Domestic violence is real violence, often resulting in permanent injuries

or death. Battering is a widespread societal problem with consequences

reaching far beyond individual families. It is conduct that has

devastating effects for individual victims, their children and their

communities. In addition to these immediate effects, there is growing

evidence that violence within the “family becomes the breeding ground for

other social problems such as substance abuse, juvenile delinquency, and

violent crimes of all types” (MTCAWA e-mail interview). Domestic

violence against women is not merely a domestic issue; but, rather a

complex socio-economical crisis that threatens the interconnected

equilibrium of the entire social structure. Causes & Effects

“Within the family there is a historical tradition condoning

violence” (Violence Against Women: The Missing Agenda, 29). Domestic

violence against women accounts for approximately 40 to 70% of all violent

crime in North America. However, the figures don’t tell the entire story;

less than 10% of such instances are actually reported to police (The

Living Family, 204). The causes of domestic violence against women are

numerous. Many claim stress is the substantial cause of domestic conflict

resulting in violence. Though stress in the workplace is a contributing

factor, it is by no means the substantial one. Many people suffer from

stress disorders, but most don’t resort to violence as a means of release.
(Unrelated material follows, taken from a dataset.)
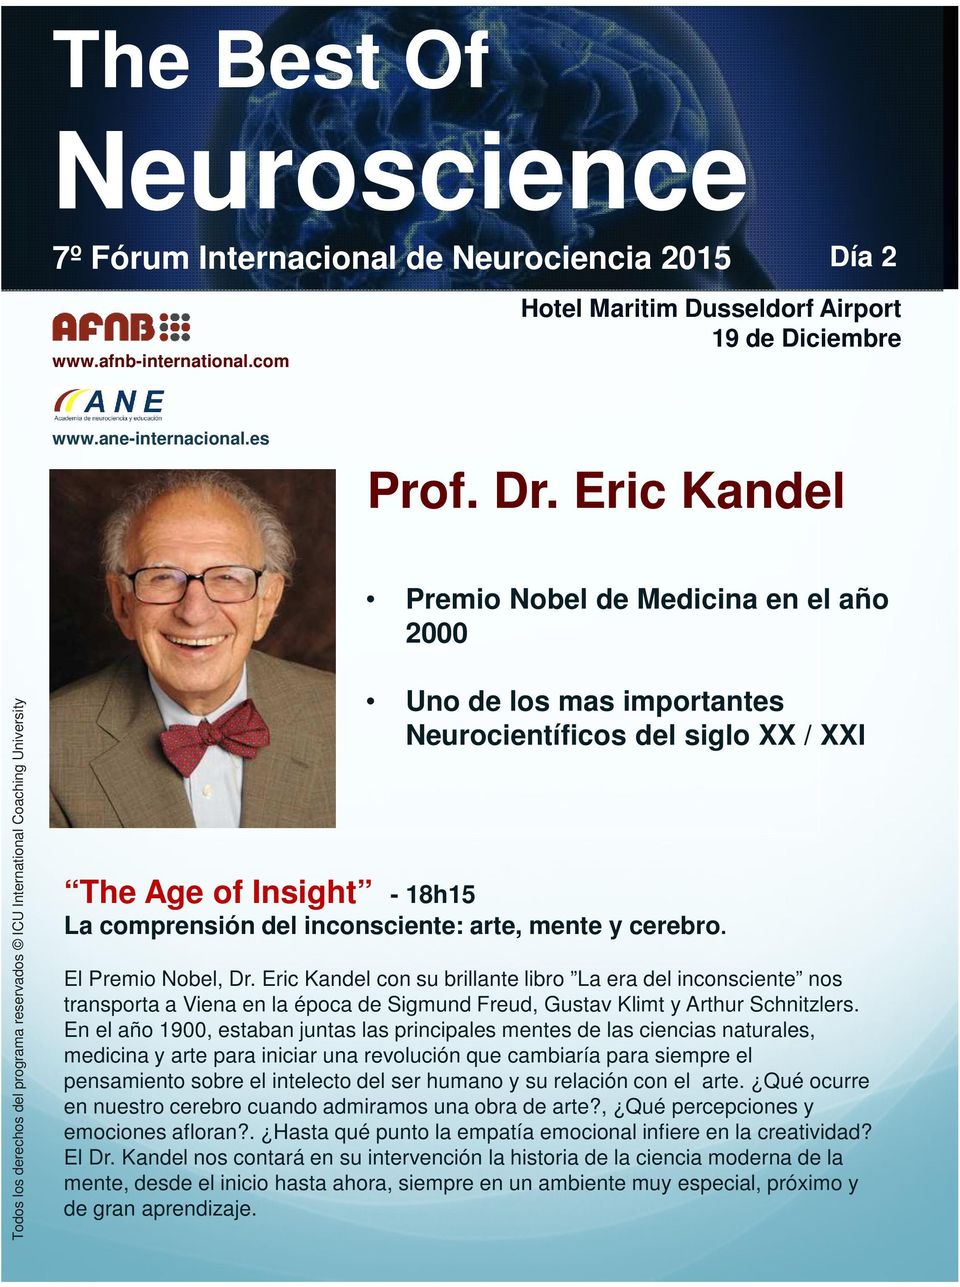 El Premio Nobel, Dr. Eric Kandel con su brillante libro La era del inconsciente nos transporta a Viena en la época de Sigmund Freud, Gustav Klimt y Arthur Schnitzlers.
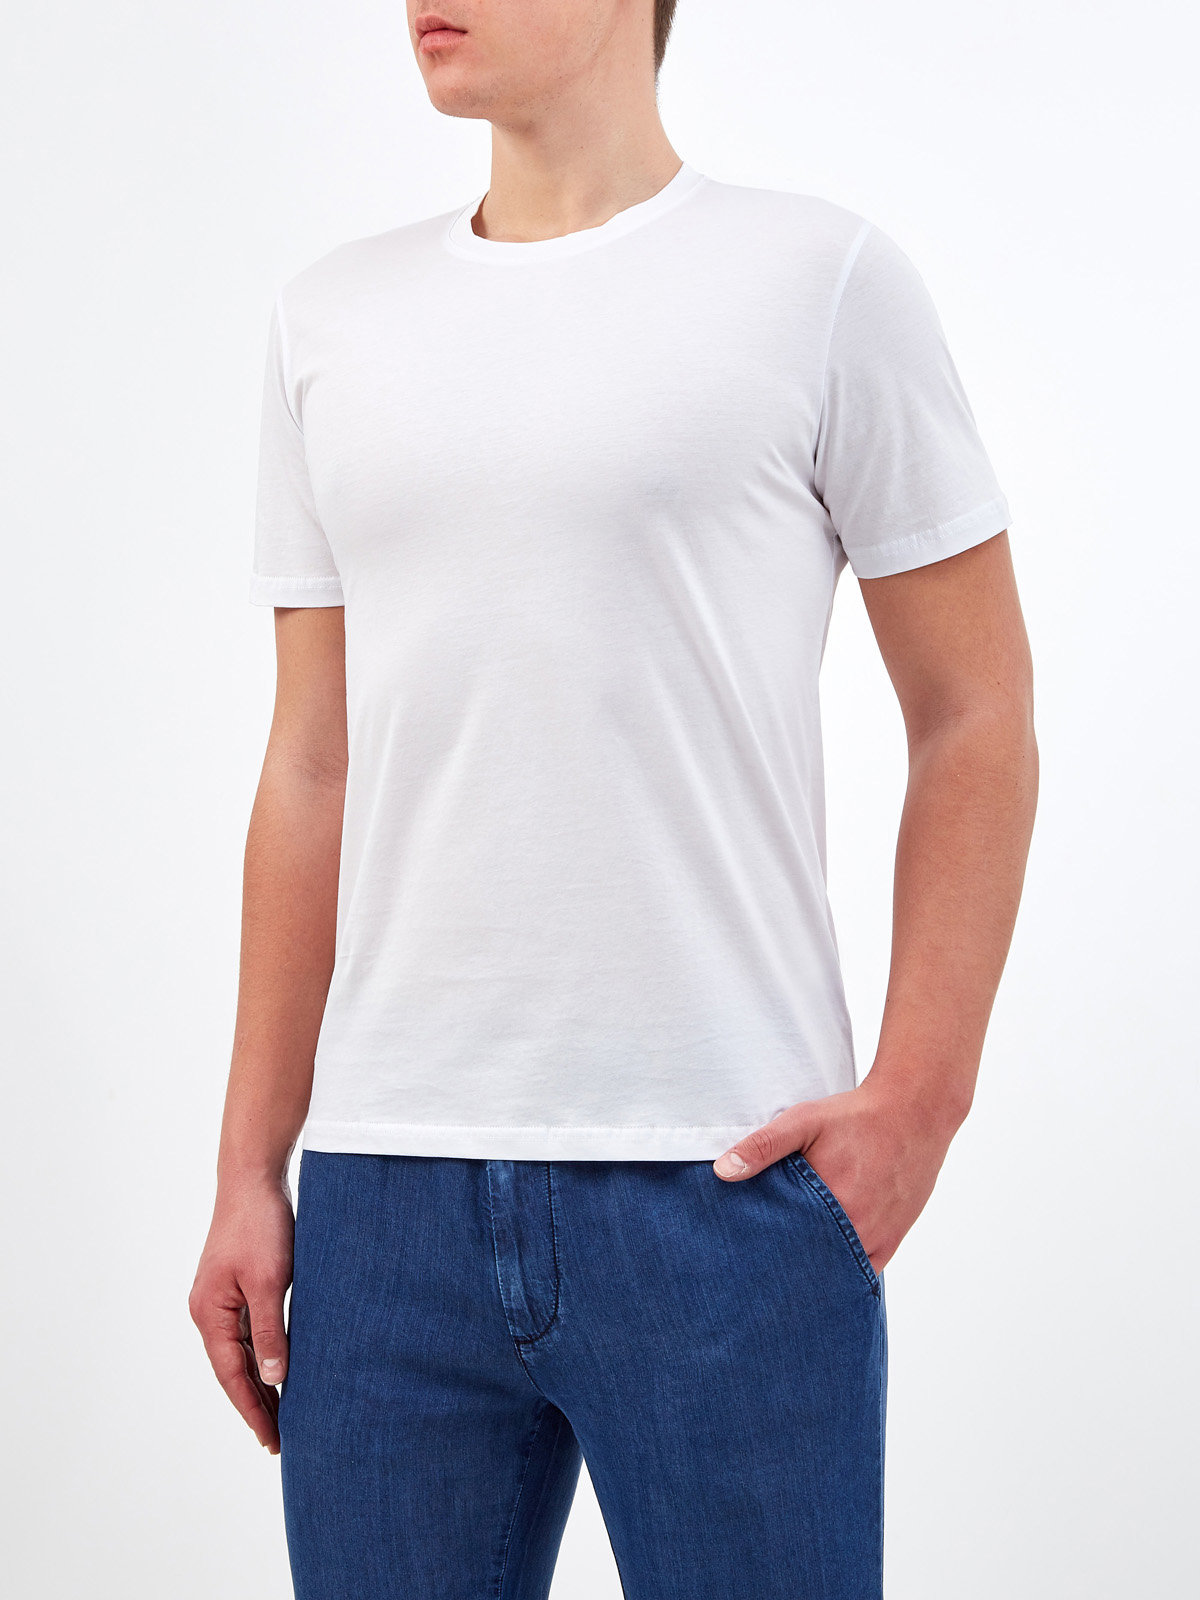 Белая футболка из гладкого хлопка джерси CUDGI, цвет белый, размер L;XL;2XL;M - фото 3

It is apparent that the substantial causes have more to do with the

conditioning of males culturally, and within the family of orientation

than anything else. Historically, women have been treated more as

belongings than human beings; Old English Common Law permitted a man to

abuse his wife and kids, as long as he didn’t use a stick thicker than the

width of his thumb–“Rule of Thumb” (The Living Family, 201). Culturally,

men have been conditioned to repress their feelings of emotion–always

acting like the tough guy, the linebacker, the cowboy. But, when

confronted with an emotionally difficult conflict, one which is impossible

to shove down deep, they irrupt in volcanic proportions, often taking out

years of repressed rage on those closest to them, in particular their own

family. However, what seems to be the most significant cause of the male

tactic of violent conflict resolution is violence within the family of

orientation. Statistics show that 73% of male abusers had grown up in a

family where they saw their mother beaten, or experienced abuse themselves

(MTCAWA e-mail interview). Using the (relatively accepted) Freudian

model, which claims that all mental illness stems from traumatic childhood

trauma, one can see how there is a direct correlation between violence in

the family of orientation and violence within the family of procreation.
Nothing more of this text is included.